Machine learning offers powerful tools to support experimental techniques, particularly for extracting latent features from large datasets. In magnetic materials, accurately estimating the interfacial Dzyaloshinskii-Moriya interaction strength remains challenging, as existing experimental methods often rely on indirect measurements and can yield inconsistent results across techniques. Because this interaction is often extracted experimentally from bubble domain expansion, we investigate whether bubble textures alone contain sufficient and reliable information for data driven DMI inference.
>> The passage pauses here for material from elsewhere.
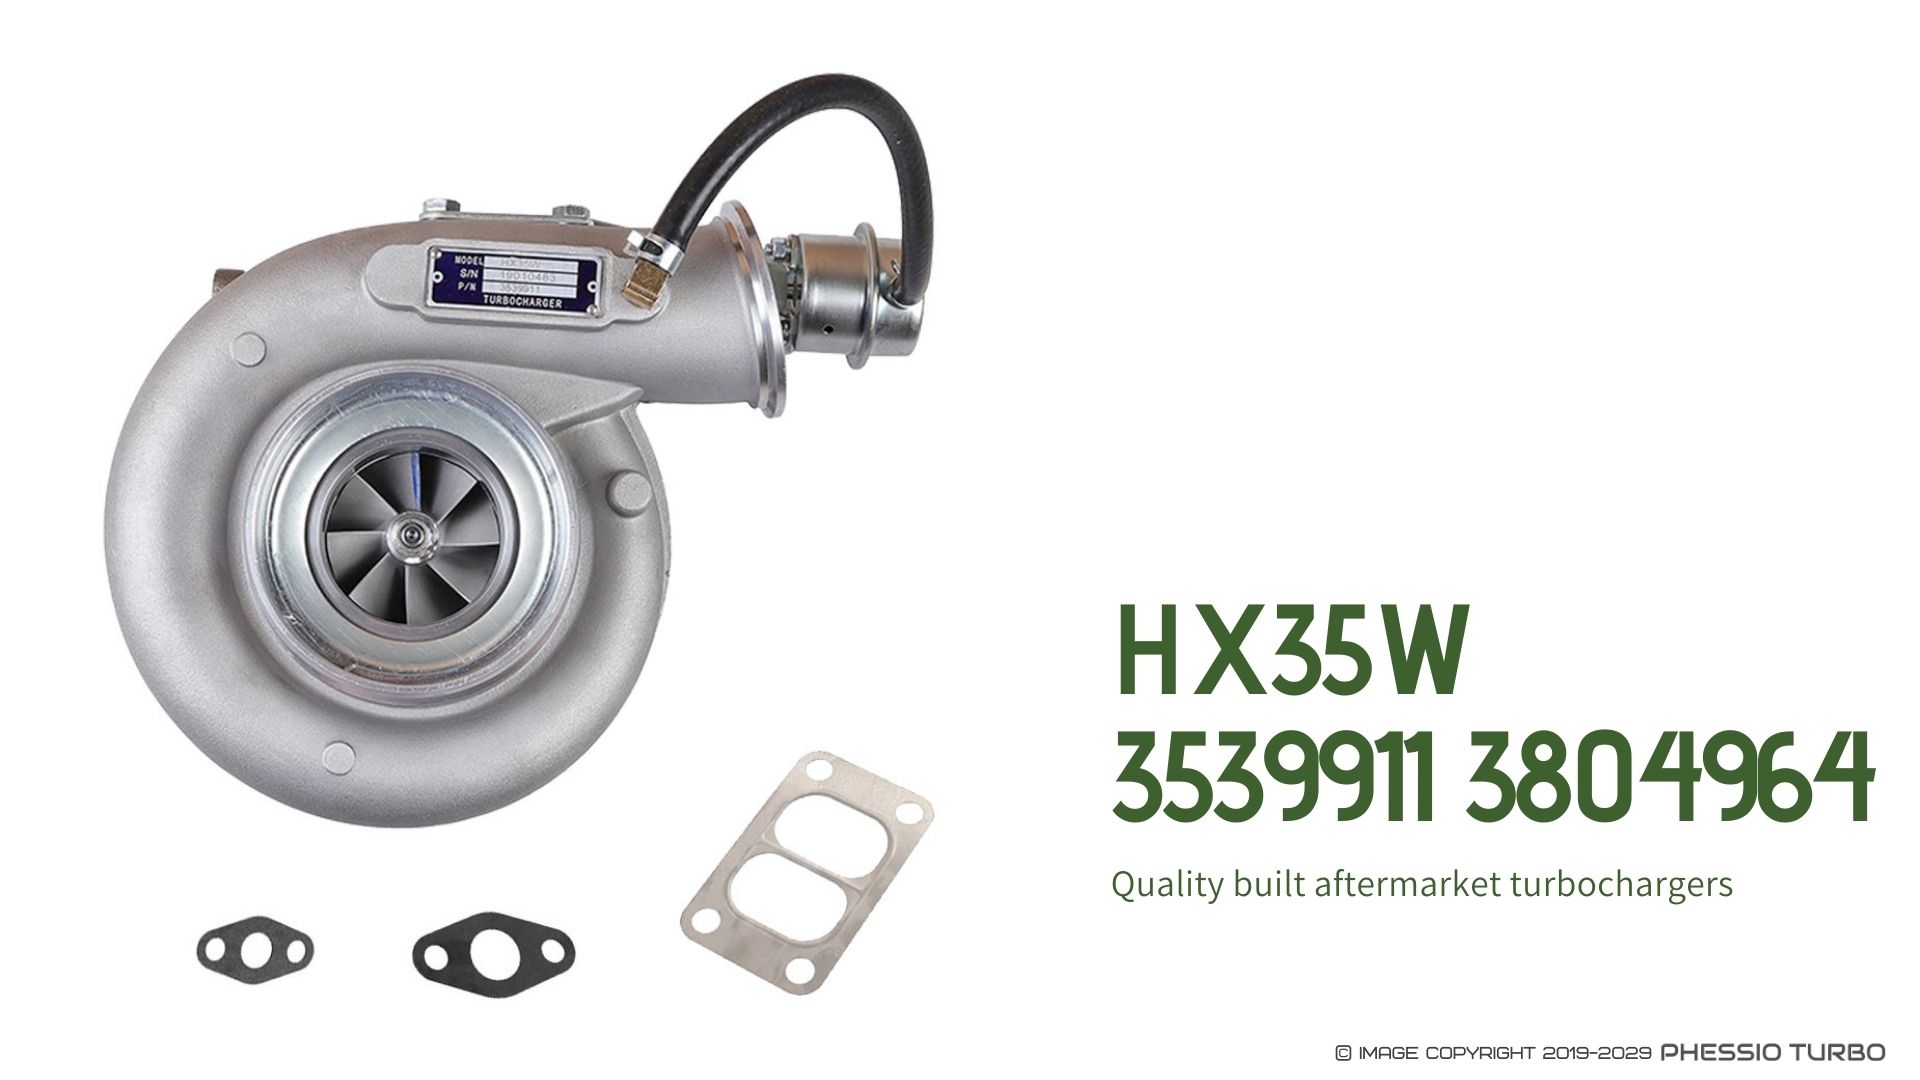 HX35W 3539911 Turbocharger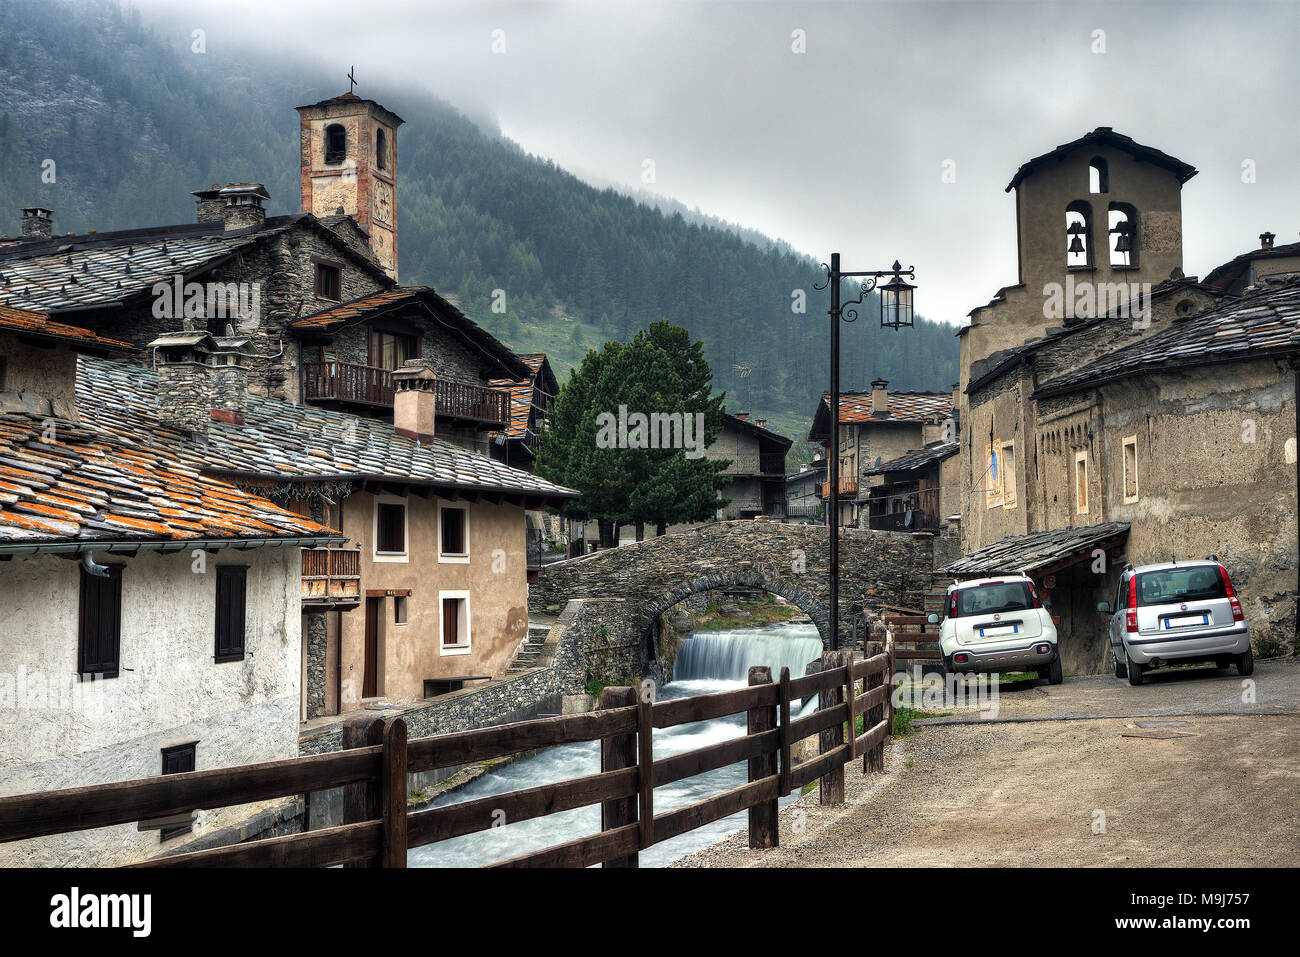 Il borgo di Chianale è l'ultimo e più alto (1800 m slm) della Valle Varaita, Italia. È sulla lista dei borghi più belli d'Italia. Foto Stock

We therefore develop a compact convolutional neural network trained on a comprehensive micromagnetic dataset of magnetic bubble domains designed to emulate magneto optical Kerr effect imaging, including structural non uniformity, additive noise, and image pixelation. The proposed network demonstrates strong robustness against sample inhomogeneities, noise, and reduced spatial resolution. Furthermore, it exhibits reliable generalization by accurately predicting DMI values outside the trained interval. These results support the use of machine learning as a fast and quantitative tool to characterize magnetic textures with interfacial DMI.